Ce sont les phases de production des aliments –élevage comme agriculture- qui génèrent 57%
des émissions de gaz à effet de serre de la chaîne alimentaire. Que la production soit menée en
conventionnel ou en agriculture biologique, les bilans carbone varient très peu, note le
CGEDD, à cause des différentiels de rendement à l’hectare. Les phases de transport comptent
pour 17% du bilan carbone de la chaîne alimentaire. Les circuits courts sont alors
désavantagés. Car si le maraîcher, sur 2 hectares, qui distribue ses produits dans le village
voisin parcourt moins de kilomètres que les fournisseurs des grandes surfaces, les modes de
transport utilisés et la logistique le plus souvent mis en œuvre n’assurent pas un bon bilan
carbone. «Le mode de transport le plus utilisé en circuits courts et de proximité est le
transport routier», rappelle le CGEDD, qui compare les émissions de CO2 d’un véhicule
utilitaire léger -en moyenne 1.068 grammes de CO2 par tonne/kilomètre- avec un ensemble
articulé de 40 t transportant des marchandises diverses sur une longue distance -84g de
CO2/t/km. Sans compter les quantités transportées et les taux de remplissage: «Le retour à
vide du point de vente reste une pratique courante en circuit court». Et de donner l’exemple
des consommations d’énergie liées au transport et à la distribution pour un agneau élevé en
Nouvelle-Zélande et commercialisé en Allemagne et pour un agneau élevé en Allemagne et
commercialisé localement en vente directe: «Ils sont plutôt comparables [...] malgré de
grandes différences dans les distances de transport, car les transports massifiés que sont les
poids lourds et les cargos réduisent considérablement les émissions par kg transporté[1]».
Les modes de déplacement des consommateurs ont également un rôle dans le bilan carbone
des circuits courts. Car, comme l’écrit le CGEDD, «la fabrication d’1 kg de pain à domicile
ou par une boulangerie artisanale consomment respectivement 2 fois plus et 1,5 fois plus
d’énergie que celle par une boulangerie industrielle». Mais il suffit que le consommateur
aille en voiture dans un supermarché situé à plus d’1,5 km de chez lui pour que le pain maison
ou artisanal soit climatiquement plus soutenable.
Les bienfaits des circuits courts sont surtout visibles pour la collectivité.

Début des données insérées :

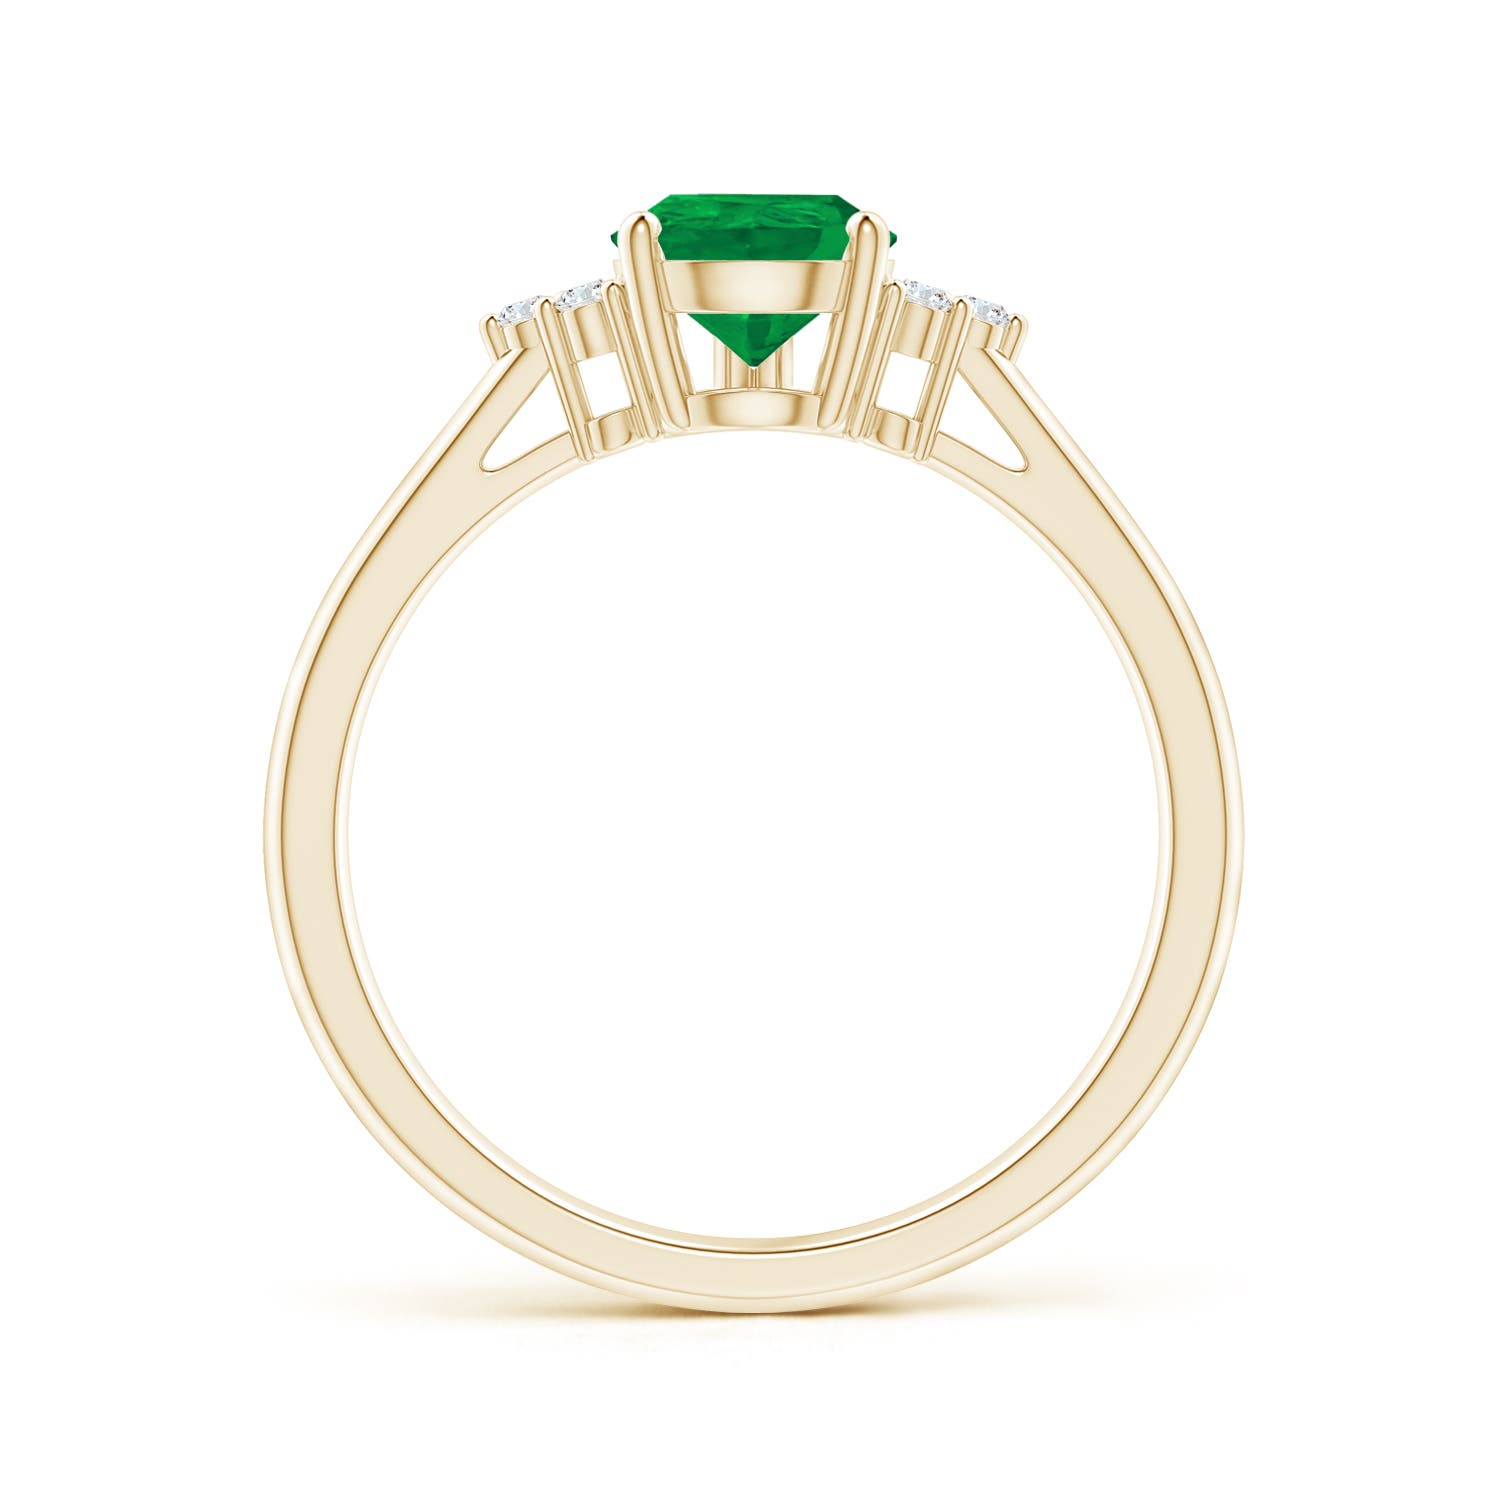 AA - Emerald / 1.02 CT / 14 KT Yellow Gold

Souvent moins
consommateurs d’engrais et de pesticides, les producteurs qui ont opté pour les circuits courts
participent d’un renforcement de la cohésion sociale. «Les circuits courts permettent en effet
une meilleure compréhension par les producteurs et les consommateurs de leurs mondes
respectifs. Les consommateurs sont rassurés par la connaissance des conditions de
production des produits et comprennent mieux les contraintes du métier d'agriculteur.» Le
prix payé peut être plus élevé que celui consenti par la grande distribution. Et la législation à
laquelle le producteur est assujetti plus exigeante. «La commercialisation de produits locaux
permet une relocalisation des impacts (…), la production est alors soumise aux exigences
réglementaires locales, souvent plus fortes en France et en Europe en matière
environnementale.»
En guise de conclusion, le CGEDD admet que les circuits courts «peuvent constituer un des
éléments de réponse au défi de l’alimentation durable», mais qu’ils ne permettent pas «de
répondre à lui seul à l’ensemble des enjeux de durabilité de l’alimentation». Il recommande
donc aux villes de conserver «une diversité de leurs sources d’approvisionnement
alimentaires», à la fois pour limiter les risques de pénurie, pour ne pas investir dans une
filière dont les impacts environnementaux ne seraient pas nécessairement moindres et pour
des raisons évidentes de manque de terres agricoles pour des agglomérations comme l’Ile-deFrance.
[1] Dans cette étude, l’agneau néo-zélandais est transporté par bateau réfrigéré sur 20.000 km
(le bateau retourne ensuite en Nouvelle-Zélande à plein), puis par poids lourds avec
conteneurs réfrigérés sur 400 km (retour à vide). L’agneau allemand est, lui, transporté en
camionnette par le producteur sur 100 km (retour à vide).